INSTRUCTIONS FOR THE TASK: Copy exactly the lines that run from the top of the listing to the line containing "DOLCE & GABBANA", both ends included, and omit the pictures.

DATA SEGMENT:
·····

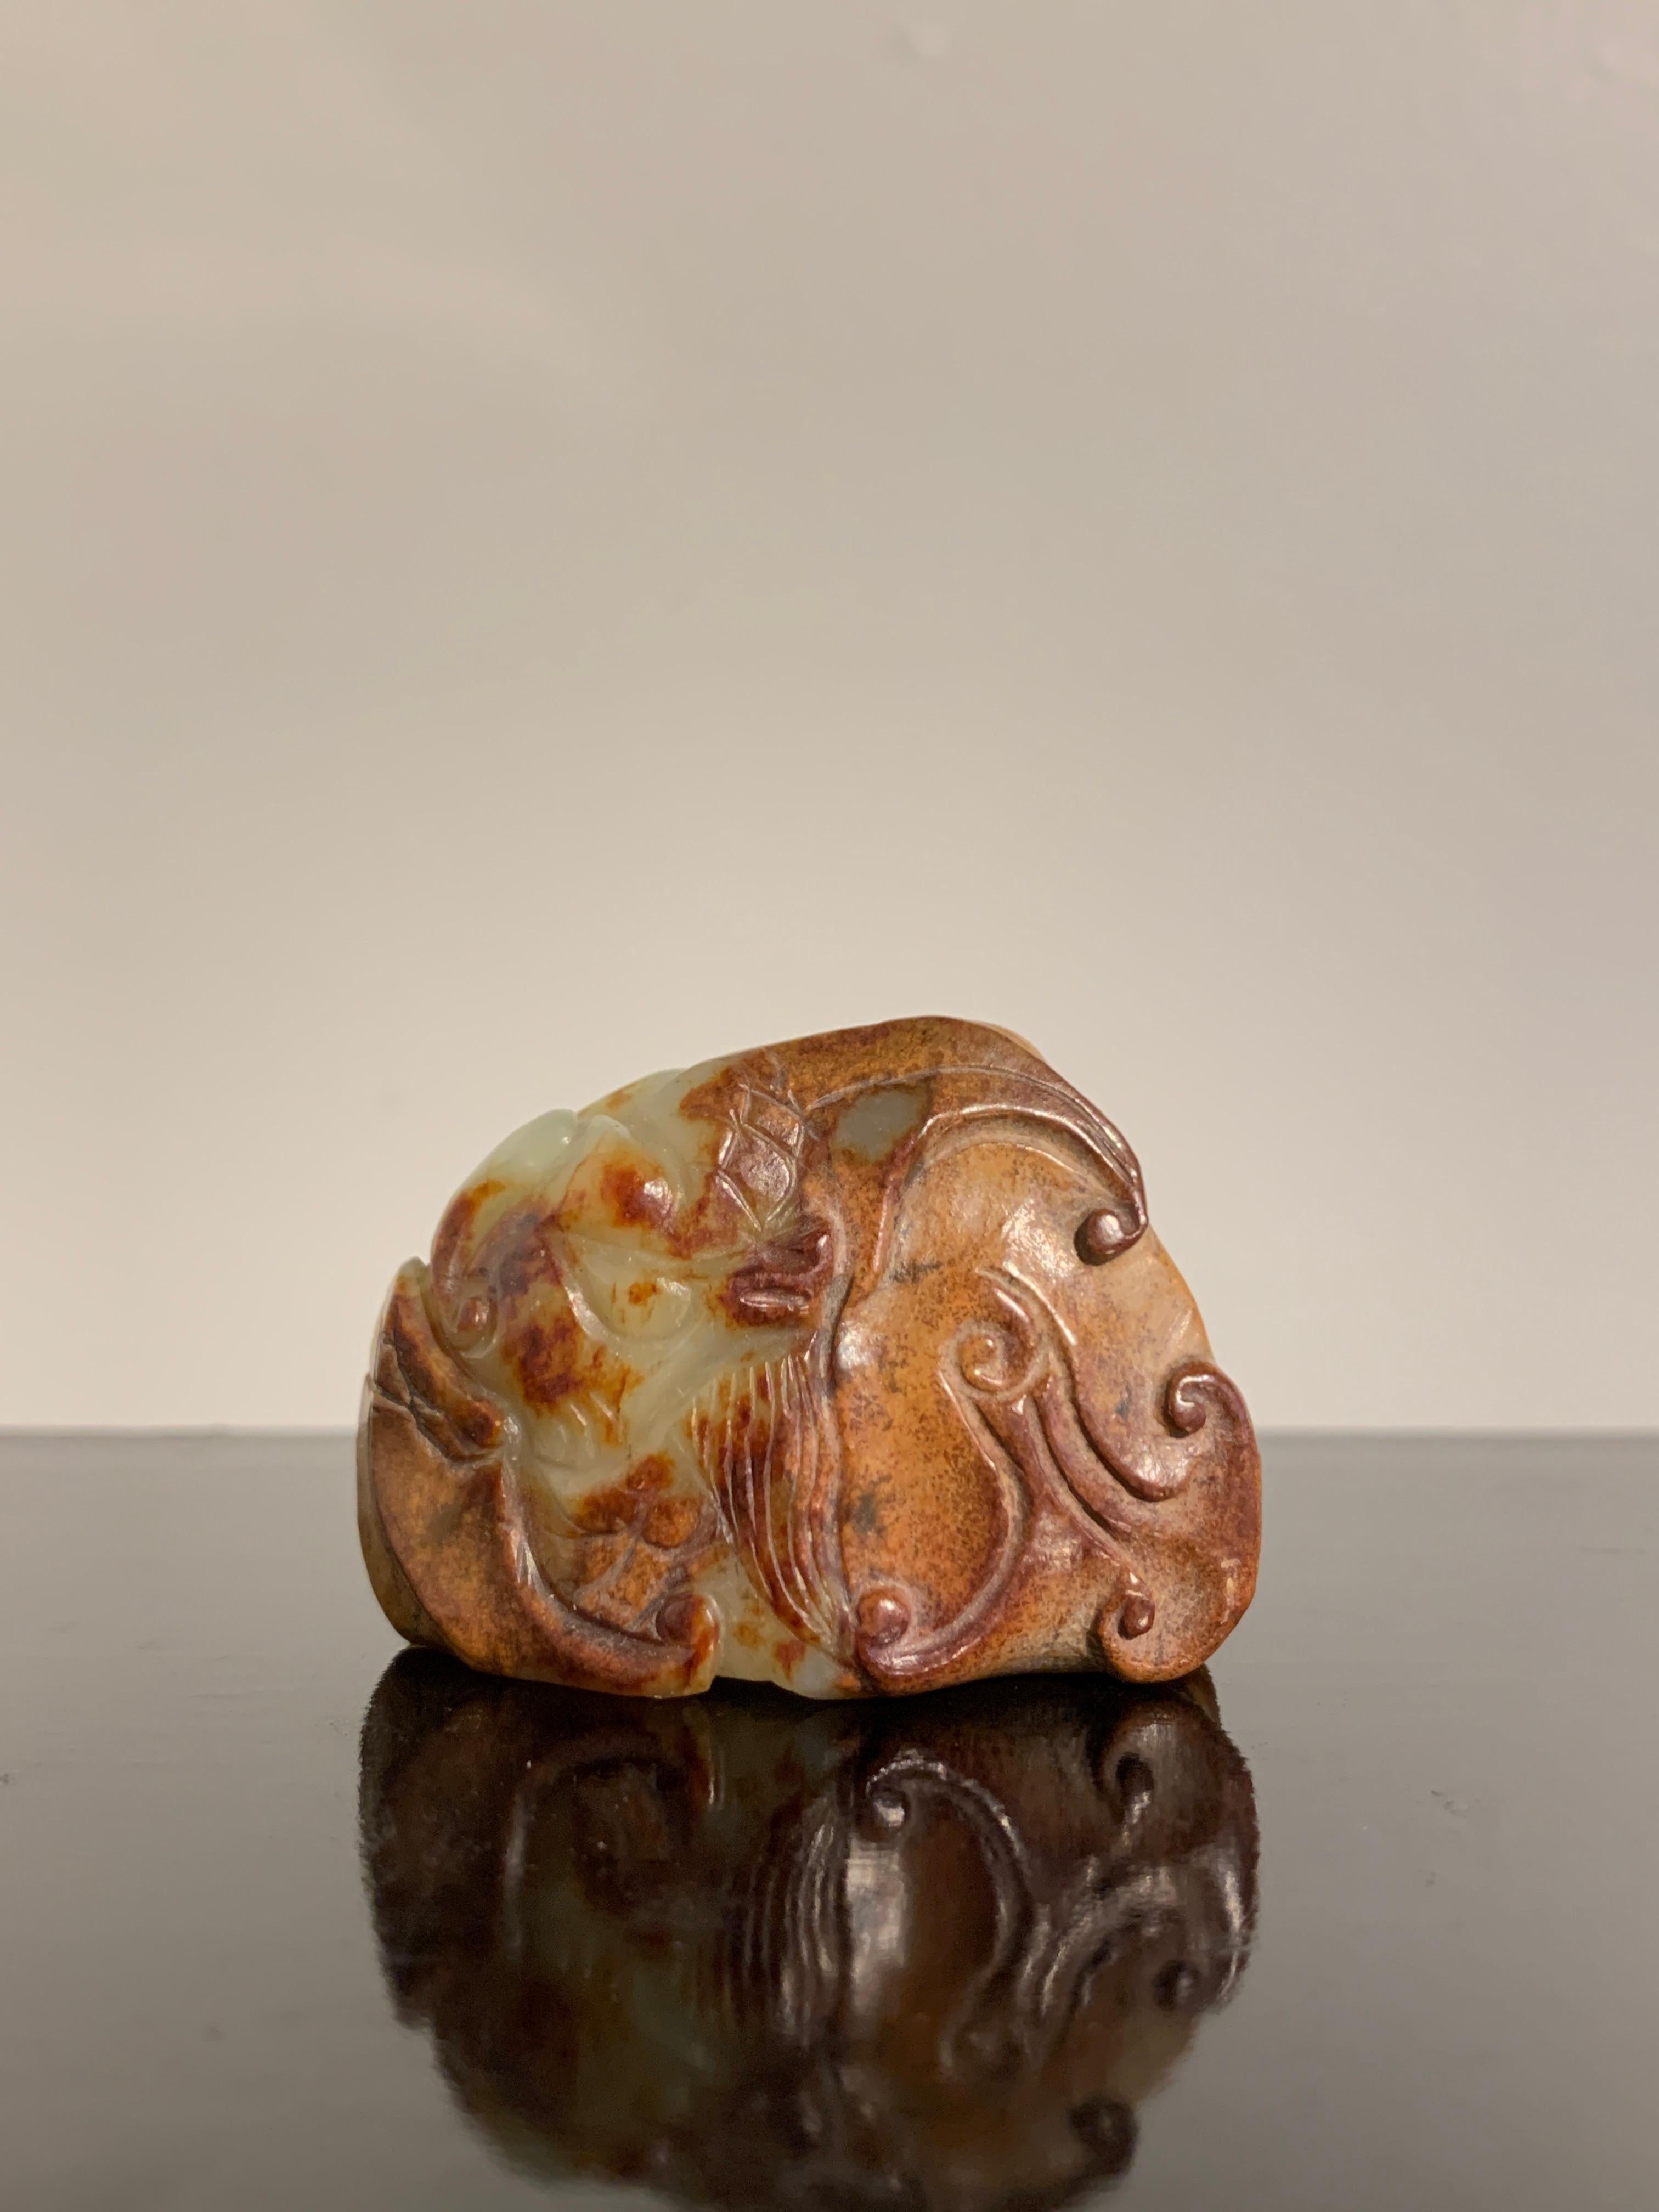 A superb Chinese yellow and russet nephrite jade carving of a mythical beast, Ming Dynasty (1368 to 1644) or earlier, China

The mythical beast is portrayed with feline features, including a muscular, compact body, a broad face with flattened
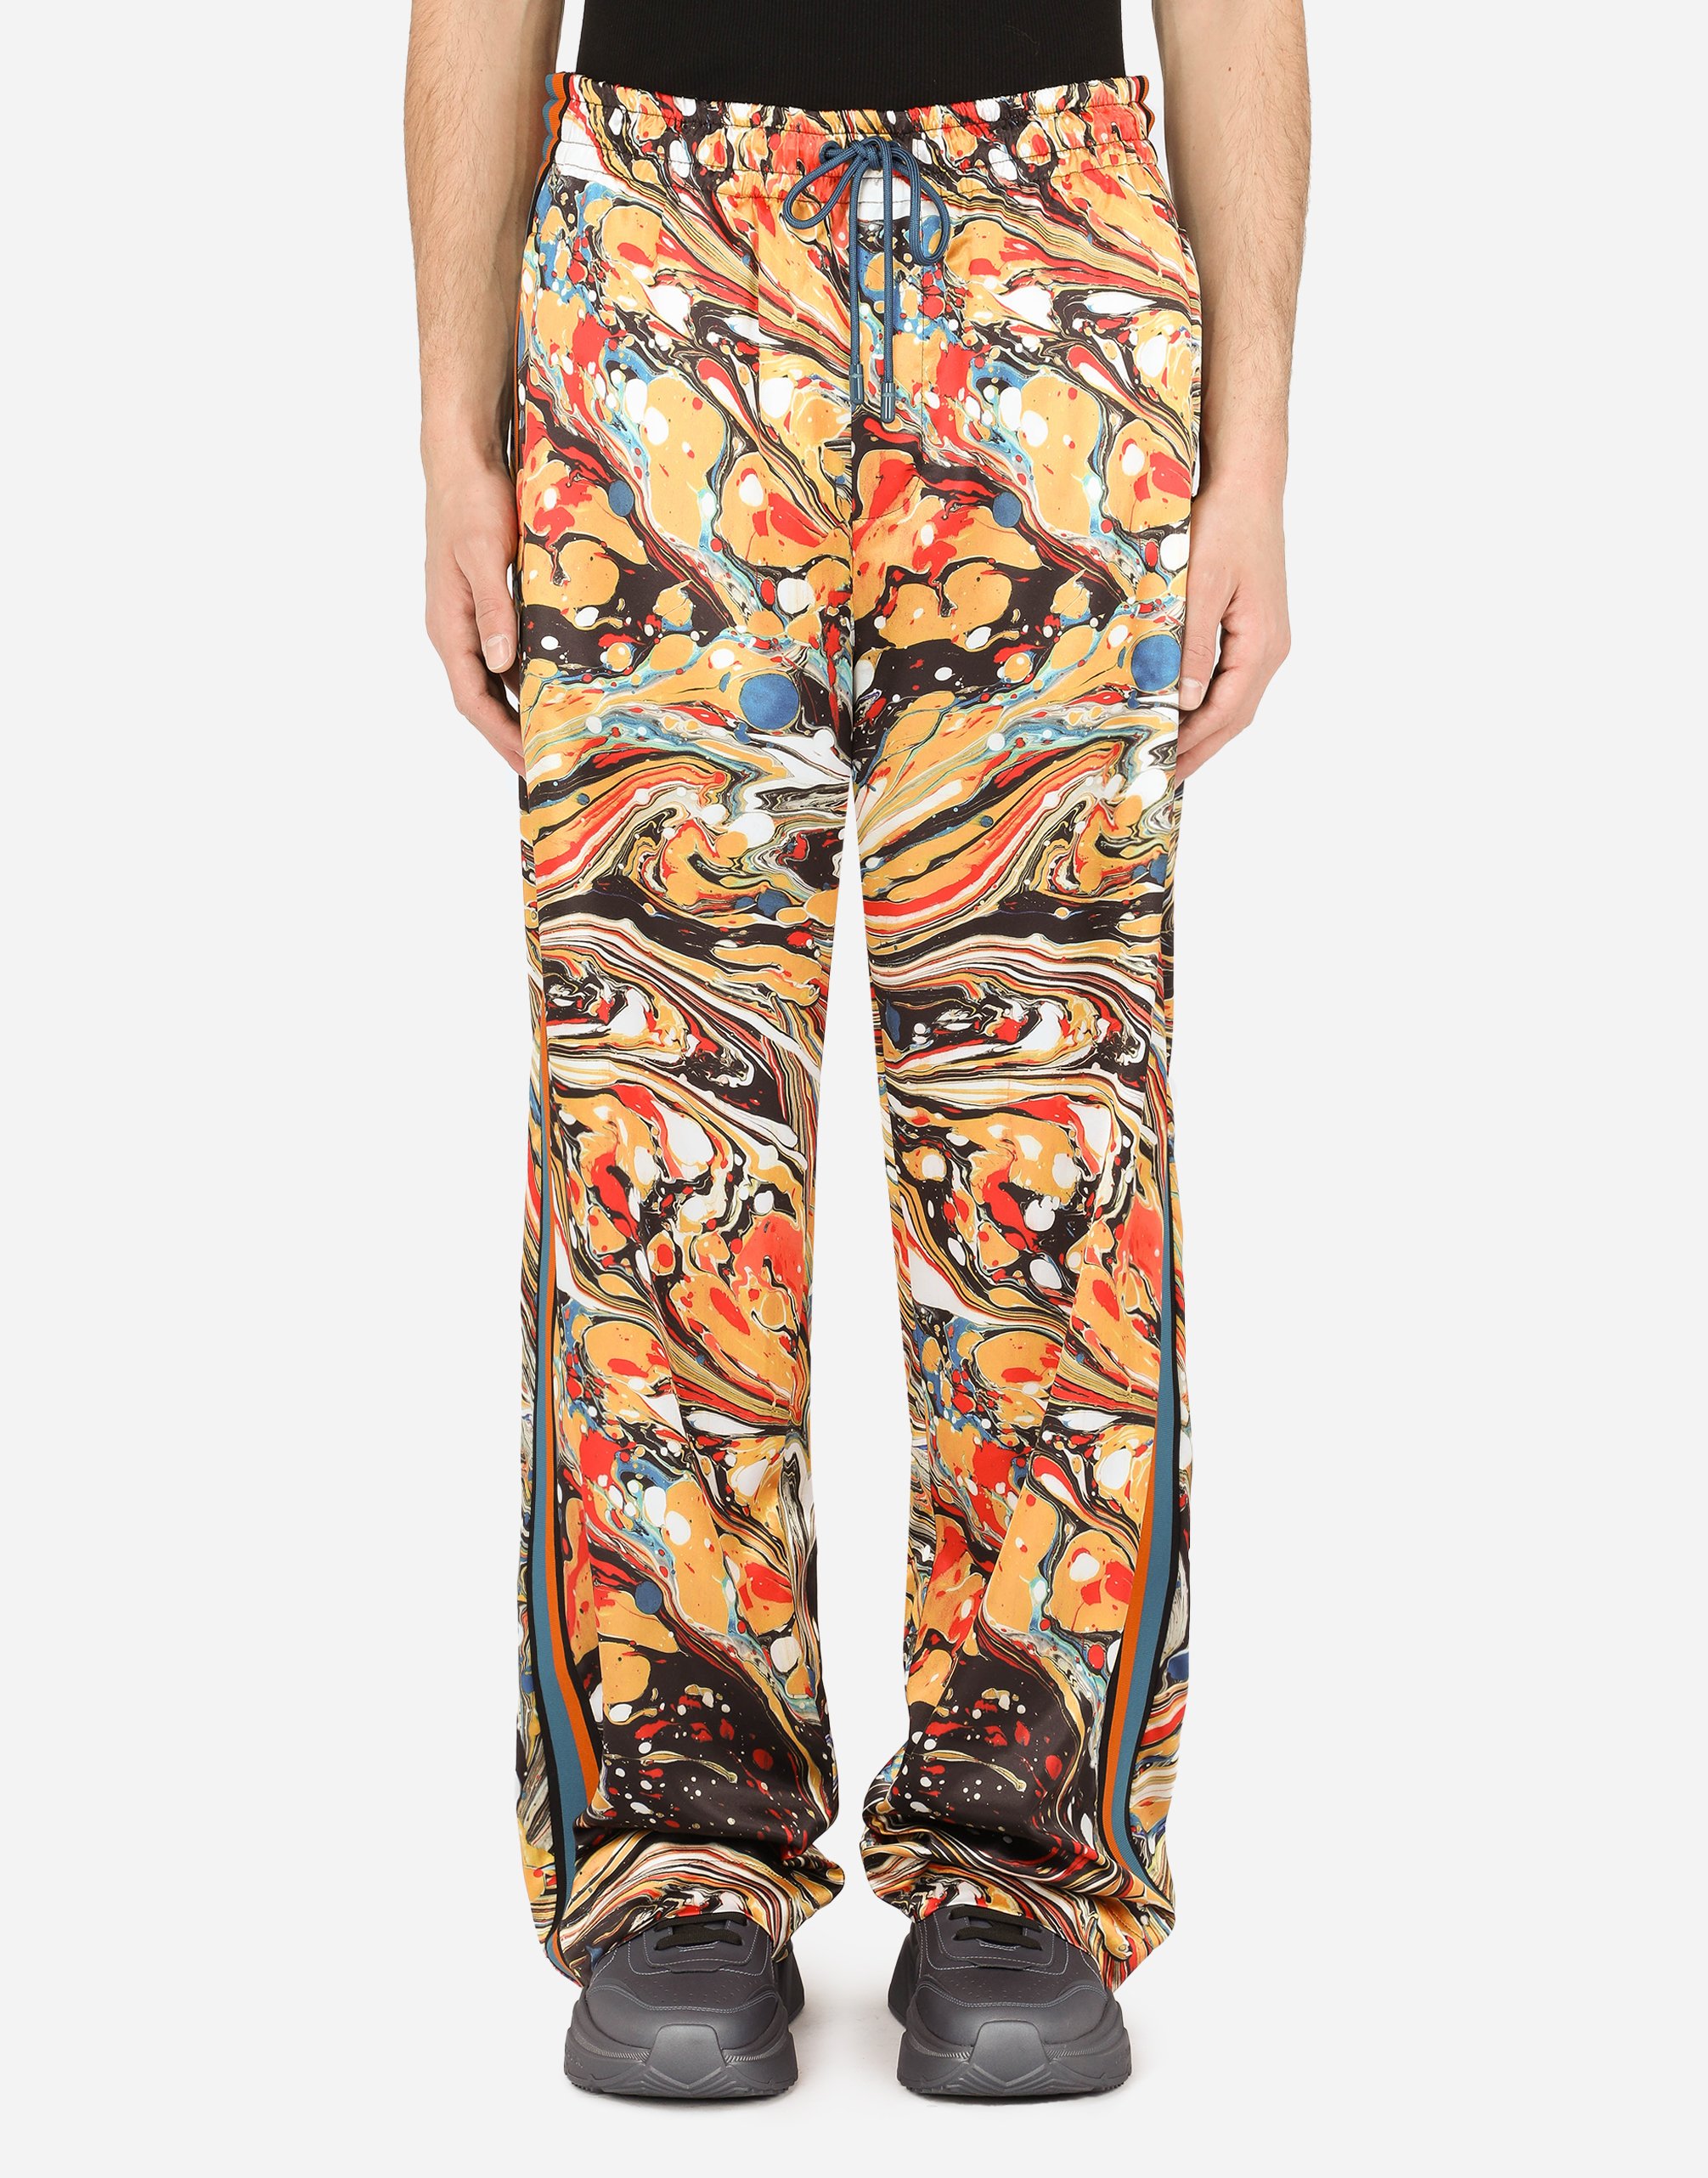 DOLCE & GABBANA SATIN JOGGING PANTS WITH BLUE MARBLED PRINT
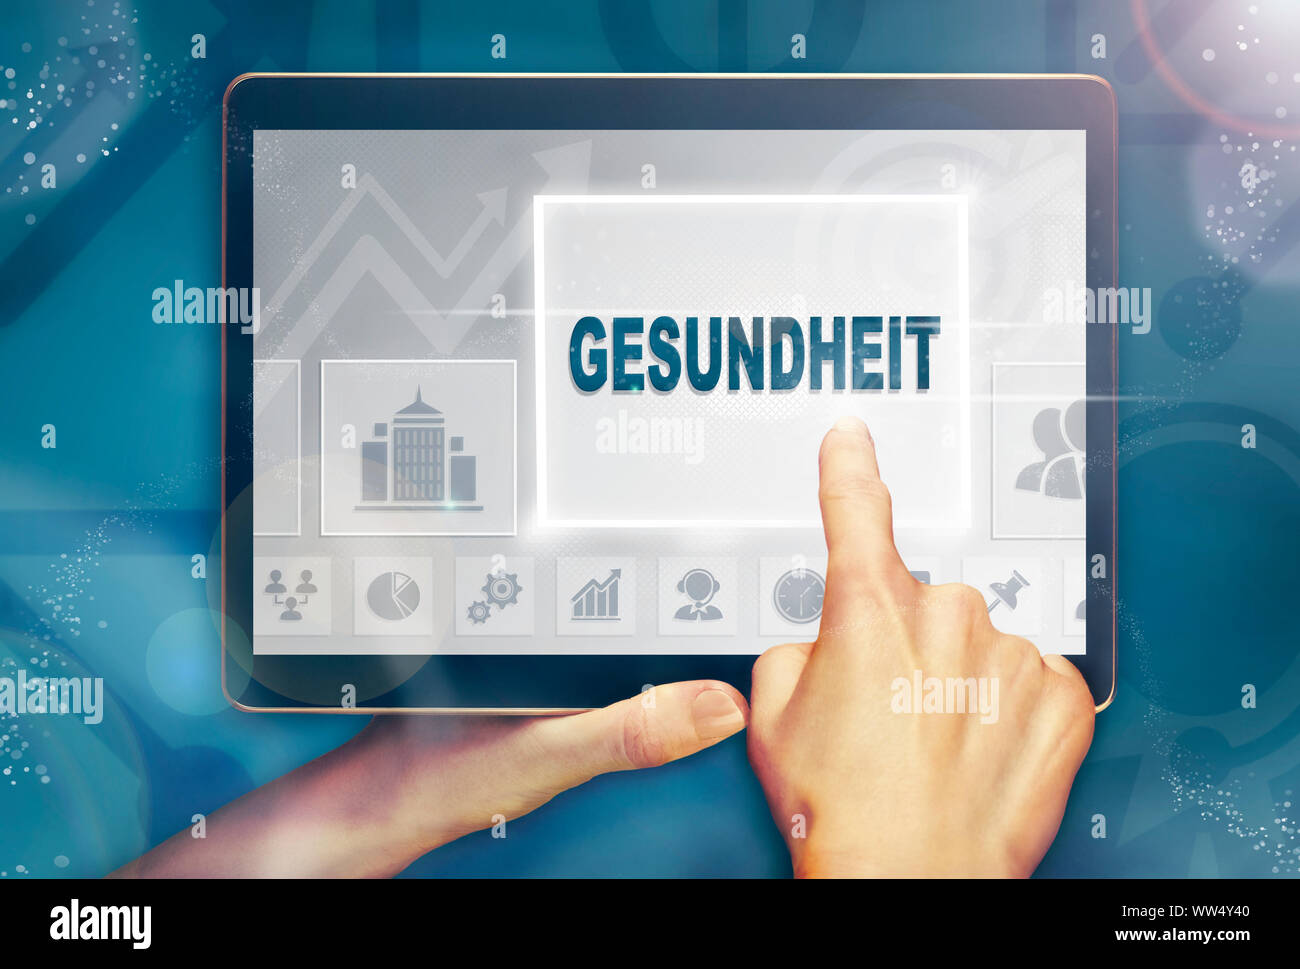 A hand holiding a computer tablet and pressing a Health "Gesundheit" business concept. Stock Photo

·····

ANSWER BOX:
 A superb Chinese yellow and russet nephrite jade carving of a mythical beast, Ming Dynasty (1368 to 1644) or earlier, China

The mythical beast is portrayed with feline features, including a muscular, compact body, a broad face with flattened
 DOLCE & GABBANA SATIN JOGGING PANTS WITH BLUE MARBLED PRINT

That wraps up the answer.